The main objective of this article is to analyze the impact that the COVID-19 disease has had on commodity prices, recorded in the Eikon Bloomberg Thomson Reuters Commodity index, and to identify the possible emergence of a new commodity cycle that begins after a crisis health 2020. , while studying, for this purpose, the trend and persistence of prices. To this end, different standard unit root tests and fractional integrated methods based on ARFIMA (p, d, q) models were used. In addition, the results were supported by an Artificial Neural Network model using a Multilayer Perceptron (MLP) neural network for time series prediction. We examine the properties of a time series of commodity prices, from 2 January 1991 to 2 April 2021, using monthly data.

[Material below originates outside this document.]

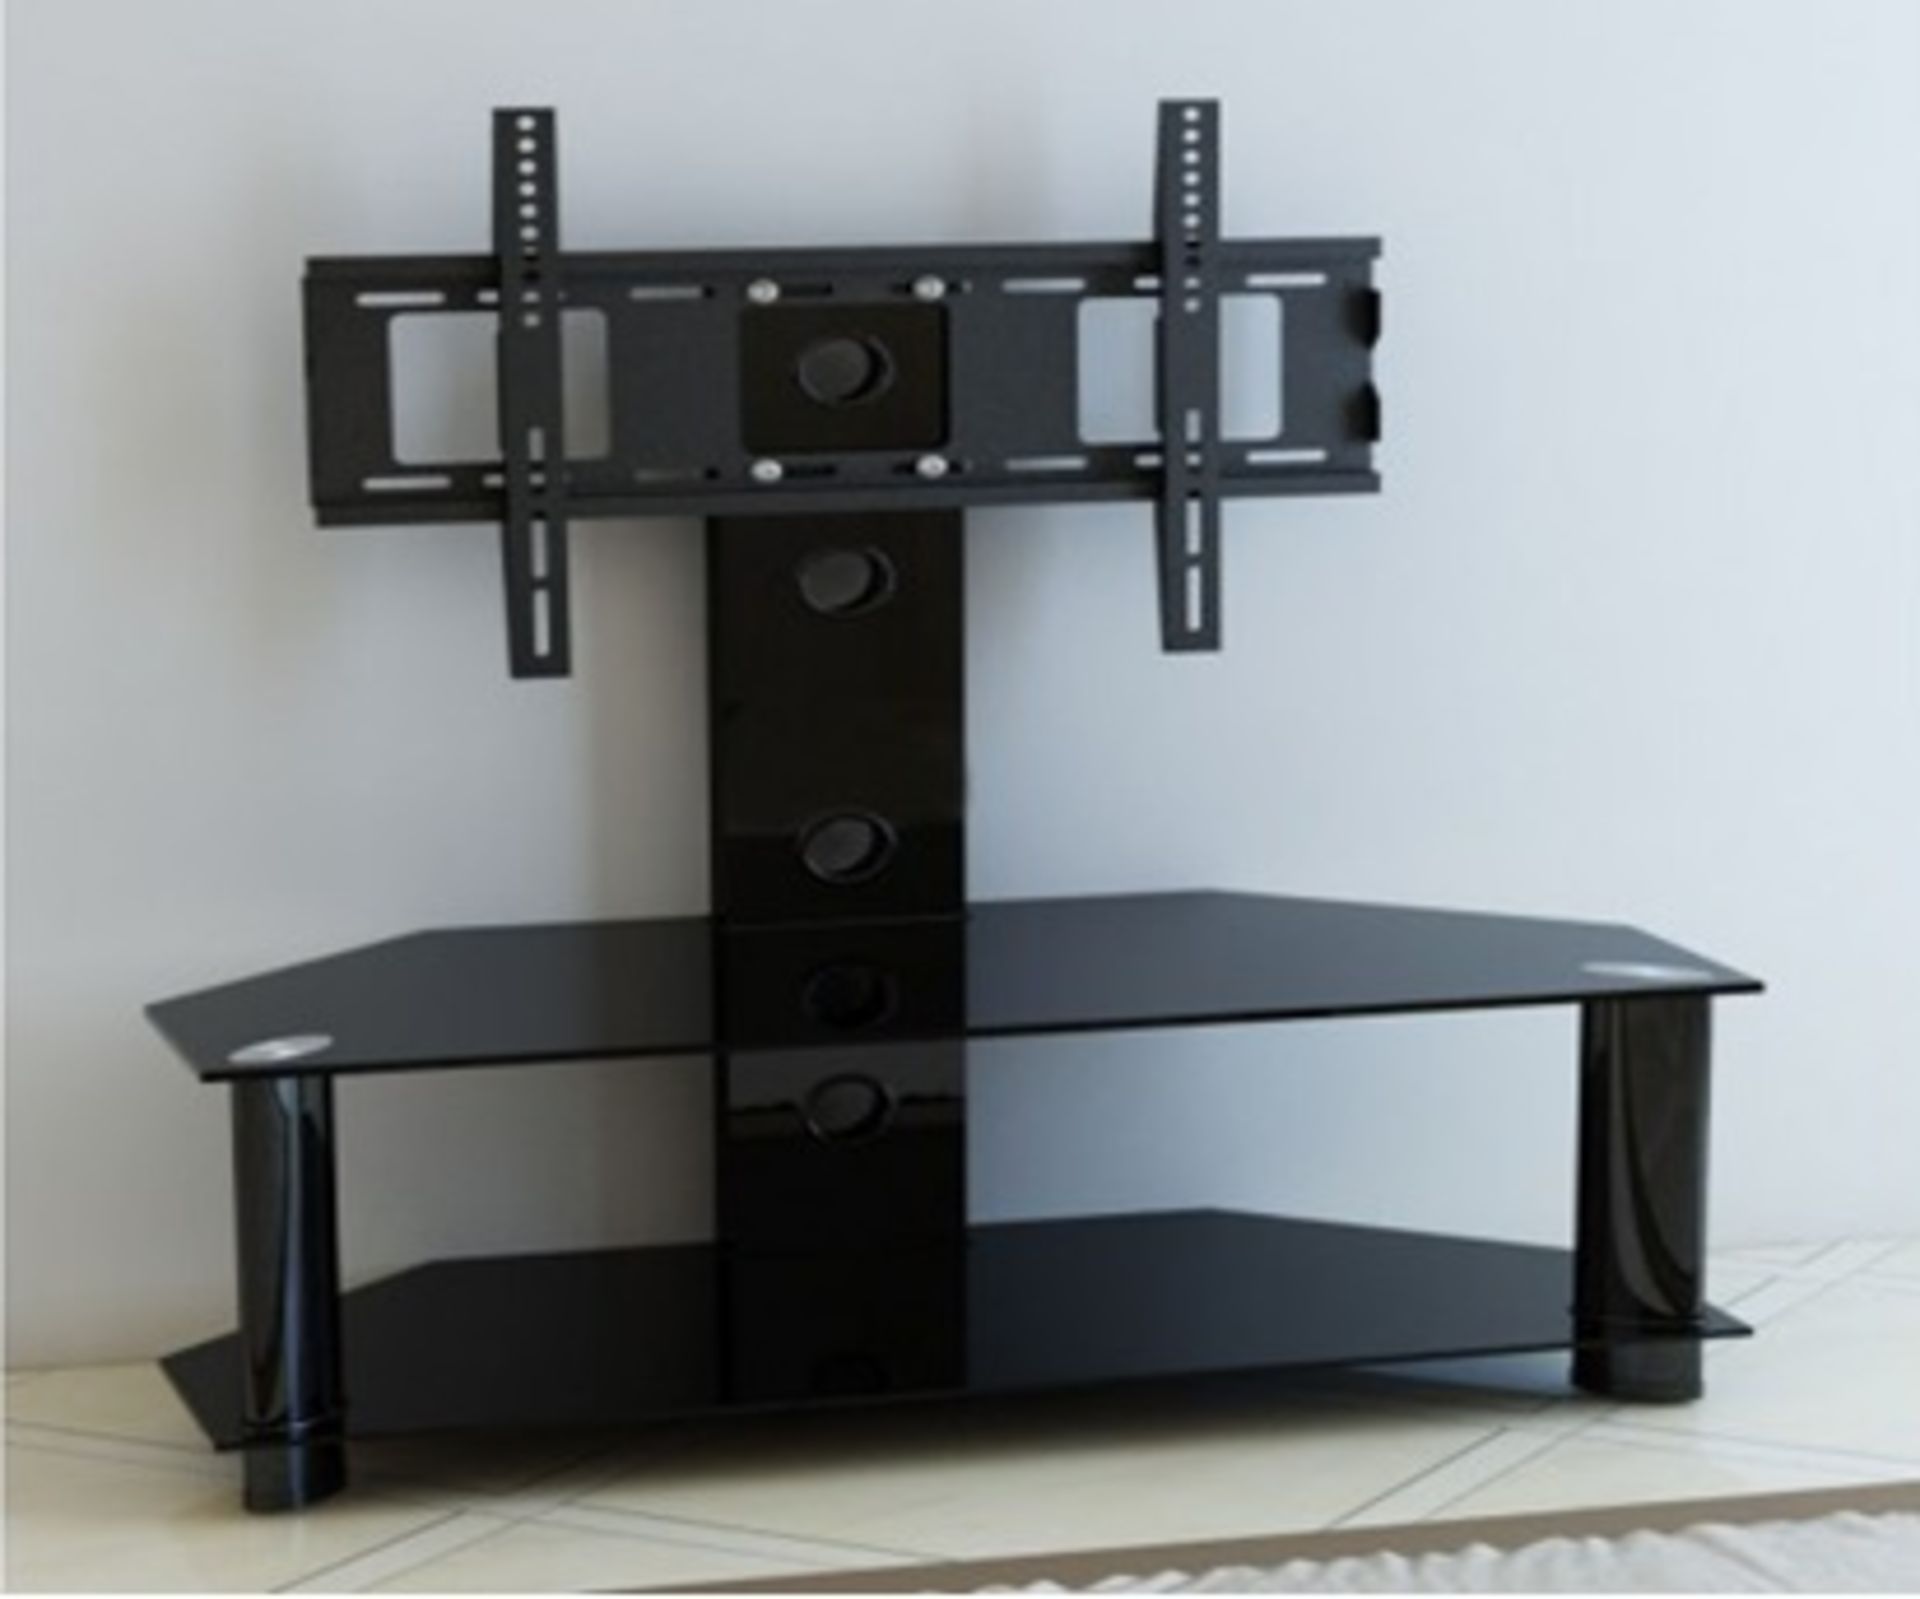 1 x Black Glass TV Stand TVS337 (Brand New & Boxed)

One of the interesting results is that when focusing on the COVID-19 pandemic episode, we observe that both time series (Bloomberg Spot Commodity Index and Bloomberg Commodity Index Total Return) have a mean reversion behavior, indicating that it will not. necessary to take additional measures as the series will return, on their own, to their long-term projections, but given the very wide confidence intervals (obviously due to the small sample sizes in some of the periods examined) , we cannot reject Hypothesis I( 1), where the impact of the shock continues indefinitely. Therefore, we observe an increase in the index price, from before the start of the pandemic period of COVID-19, of 52.2%, using the algorithm of the Artificial Neural Network.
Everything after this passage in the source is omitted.